- Official poster
- Directed by: Gil Junger
- Written by: Jeanette Issa Gil Junger Tim McGrath
- Based on: 10 Things I Hate About You 1999 film by Karen McCullah and Kirsten Smith
- Produced by: Andrew Lazar Tim McGrath Gary Smith
- Starring: Evan Rachel Wood Thomas McDonell Billy Campbell Élodie Yung
- Cinematography: Rogier Stoffers
- Production companies: Mad Chance Productions Intandem Films Polaris Pictures
- Distributed by: Vision Films
- Running time: 30 minutes
- Country: United States
- Language: English
- Budget: $11 million

= 10 Things I Hate About Life =

Cancelled film by Gil Junger

10 Things I Hate About Life is an unfinished American romantic comedy film directed and written by Gil Junger, and starring Evan Rachel Wood, Thomas McDonell and Billy Campbell. It tells the story of Willow and Ben who meet while attempting suicide and fall in love. While not a direct sequel to Junger's 10 Things I Hate About You (1999), it bred the same genre with some similar themes.
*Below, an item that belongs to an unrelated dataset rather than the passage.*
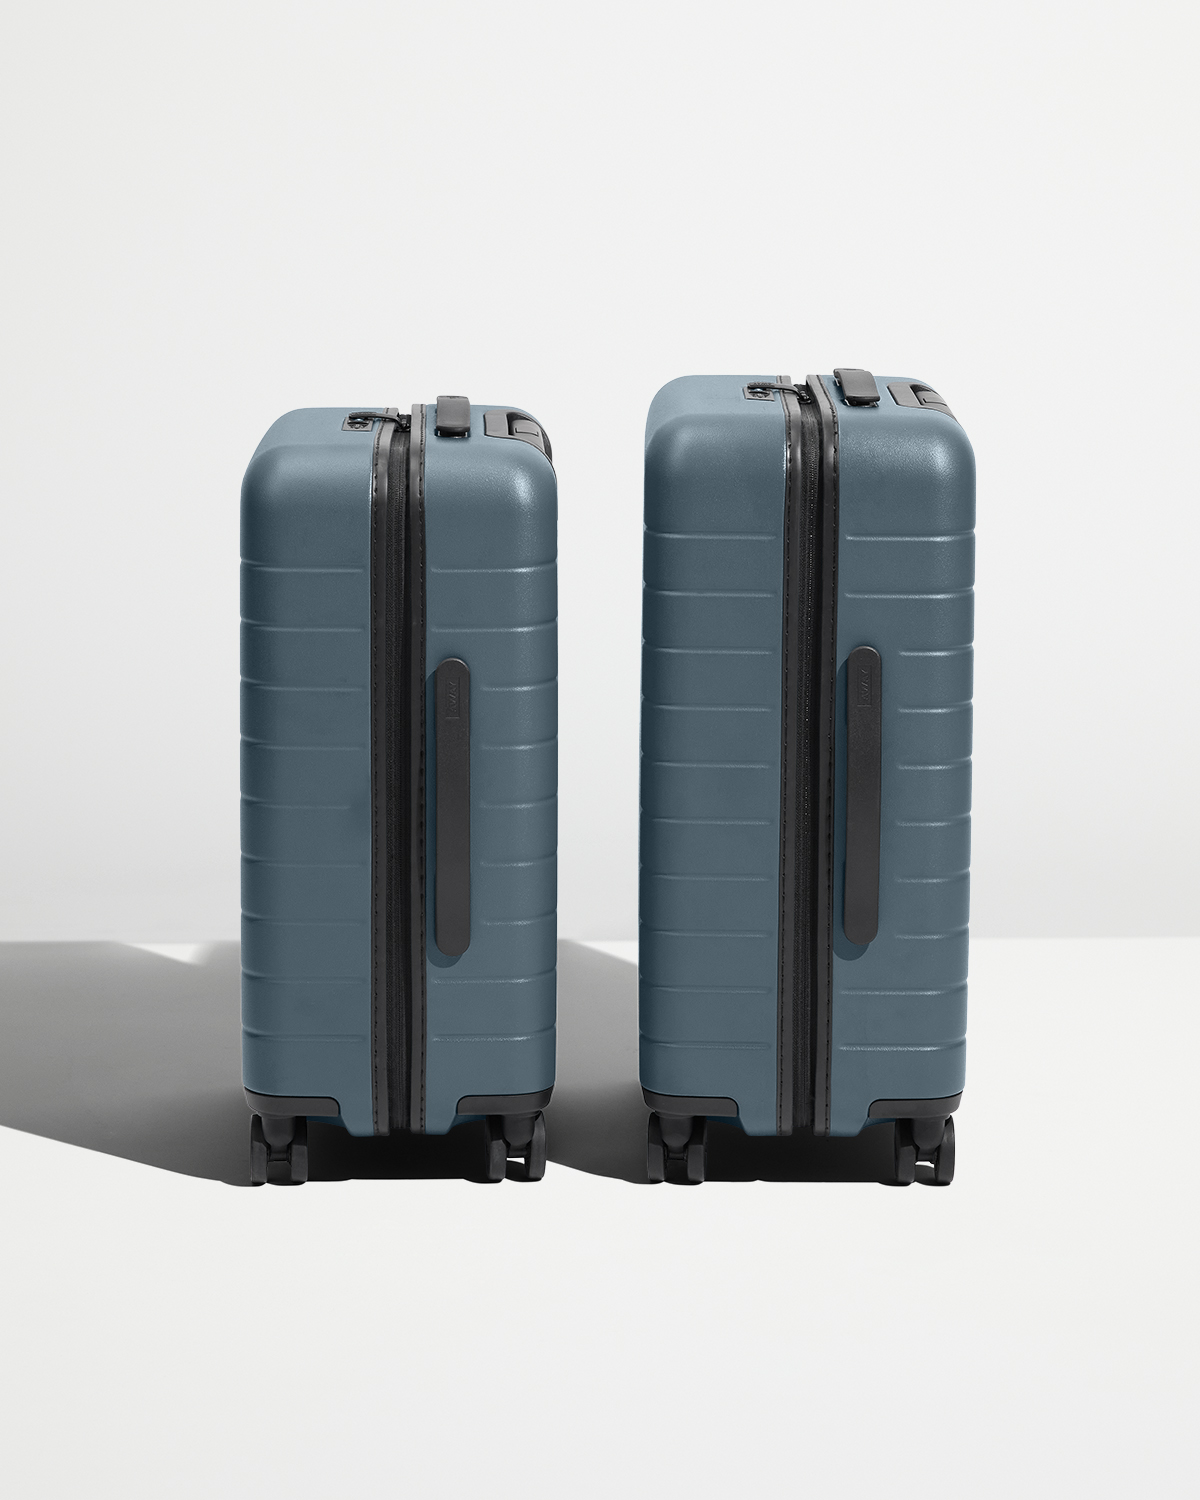 The 12 Best Luggage Covers of 2023
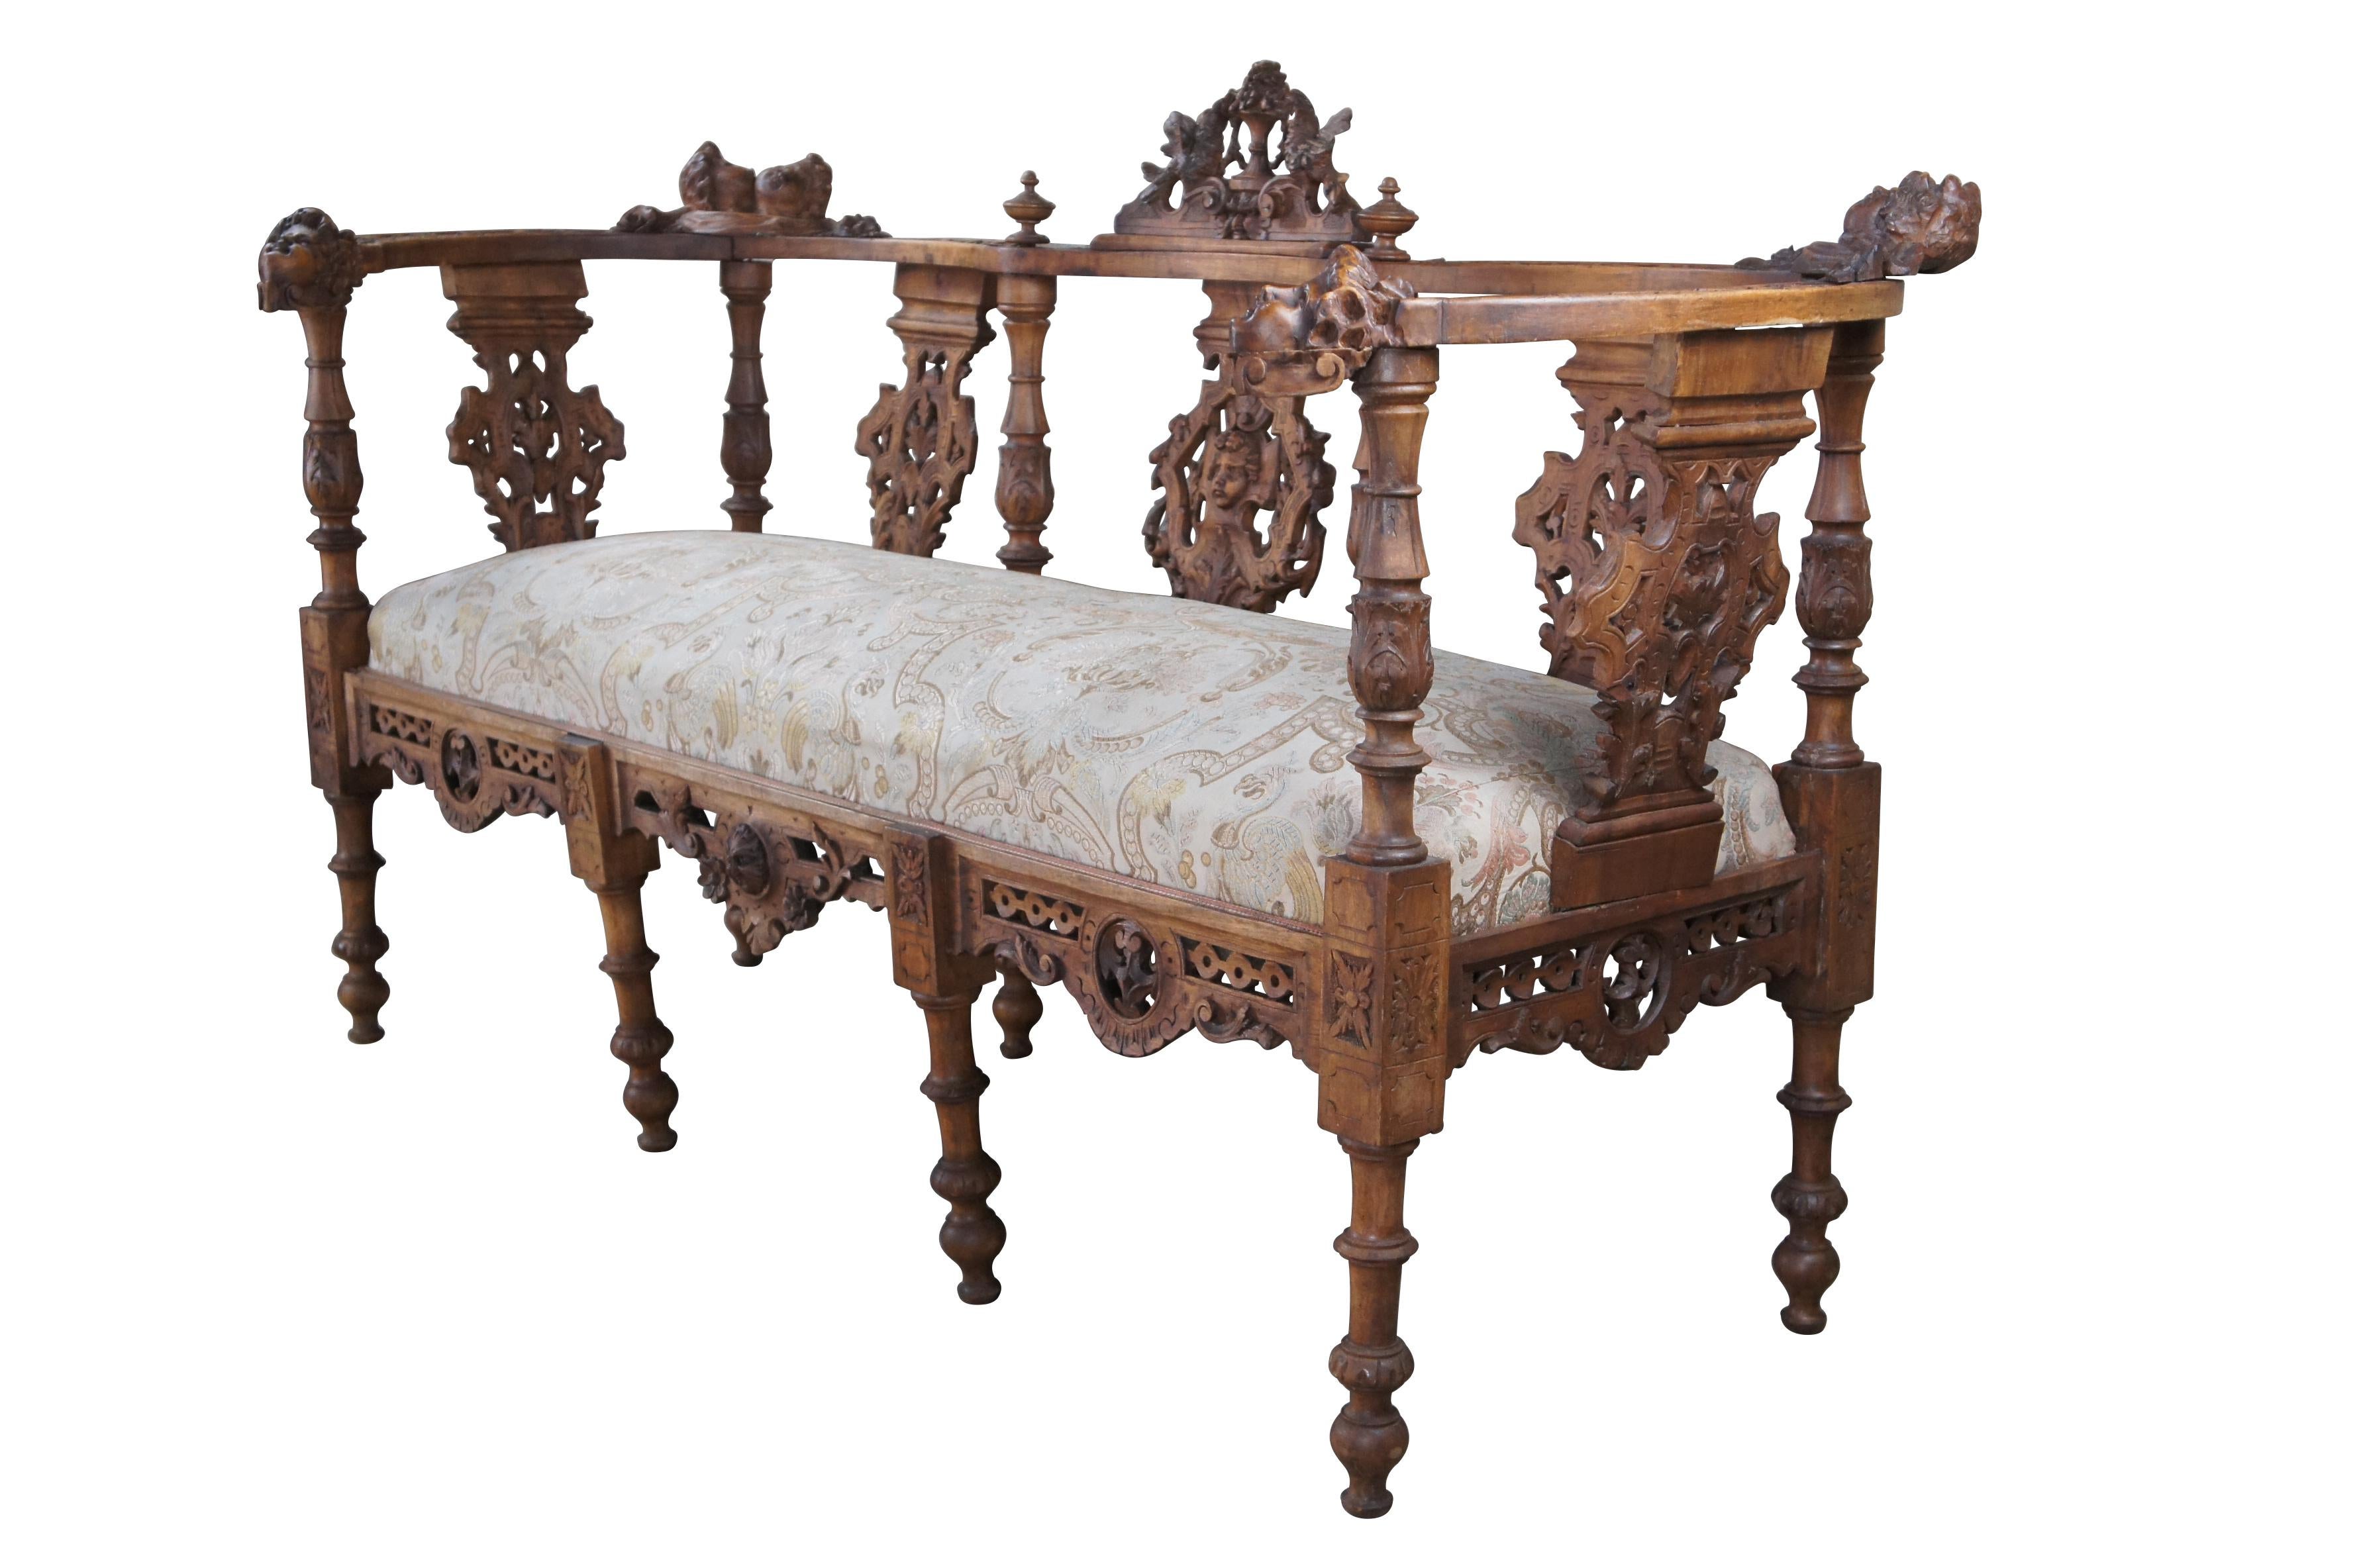 Antique Italian Neo-Renaissance parlor settee / loveseat / bench, circa 1870s.  Made of walnut featuring Neoclassical styling with high relief figural carvings of cherubs / puttis, Northwind faces, doves / birds, acanthus / floral and reticulated /

Filming began in late 2012, but was interrupted after two months due to management changes at the production company and Wood's pregnancy. In late 2013, production was set to resume, with an estimated wrap date of April 2014, though filming was delayed indefinitely following Wood's departure. Producers sued for $30 million for breach of contract; Wood's lawyers have responded that she was never adequately paid since the production company ran out of money. Some production stills, from approximately 30 minutes of footage, have been released, but as of 2026 the lawsuit is ongoing and the film is seen as unlikely to ever resume shooting.

==Plot==

The film begins with Willow and Ben, both determined to take their own lives, pulling up to a scenic cliff overlooking the ocean. While Ben takes out a gun and prepares it, Willow drives off the cliff. Ben is briefly startled, but then continues. As he holds the gun to his head and prepares to fire, Willow, her face covered in white powder from the deployment of her car's airbag, comes up from the cliff and asks "Can I borrow that when you're done?"

Ben and Willow put off their suicide plans and spend more time together, falling in love and gradually finding in each other a reason to live.

== Cast ==
- Evan Rachel Wood as Willow
  - Meghan Barton as Young Willow
- Thomas McDonell as Ben
- Billy Campbell
- Élodie Yung
- Ezra Masters
- Janet Montgomery

== Production ==
On May 9, 2012, it was announced that Gil Junger would direct the film from his own script, with Intandem Films and Mad Chance Productions producing the film; Andrew Lazar, who produced the original 10 Things I Hate About You in 1999, would re-assume that role for this film. Vision Films acquired the distribution rights to the film.

=== Casting ===
On May 9, 2012, Hayley Atwell was added to the cast of the film to star as lead. She changed her mind and later in the year, Evan Rachel Wood took the part. On November 30, 2012, Élodie Yung joined to star along with Wood. On January 14, 2013, Billy Campbell also joined the cast of the film.

=== Filming ===
The shooting was set to start in November 2012 in Los Angeles. However, shooting actually commenced a month later, on December 17, 2012, in Los Angeles. On January 14, 2013, The Hollywood Reporter reported shooting as still being underway in Los Angeles.

However, in late February 2013, it was announced that the film's producer, Gary Smith, was stepping down from his position as CEO of Intandem Films and that filming for 10 Things I Hate About Life was to be put on hold. The company said that this was not because of Smith's departure but rather due to Evan Rachel Wood's pregnancy, and that filming would resume that September or some time in the second half of the year.

In the interim, the producers released a promotional trailer from the existing footage, meant to attract interest from potential investors. Interspersed with the footage are scenes with Junger talking about the film and the money it could make. Also included are scenes of Skylar Grey singing "Wear Me Out", which Junger cites as a selling point.

After several months of no shooting reports or announcements, on November 7, 2013, it was announced that filming would re-commence after a several-month break on December 11 in and around Los Angeles and Malibu and that it would be wrapped up by April 2014. Vision Films released some photos from the film on November 11, 2013, and reported that about 30 minutes had been completed.

== Legal ==
In June 2014, Variety reported that Wood was being sued for $30 million by the producers for allegedly refusing to continue working on the film. Wood's lawyers dismissed the suit as "preposterous" and stated that Wood stopped working on the production after producers failed to pay her.

As of 2026 it has been reported that the lawsuit has not been resolved, and the film as started will never be completed.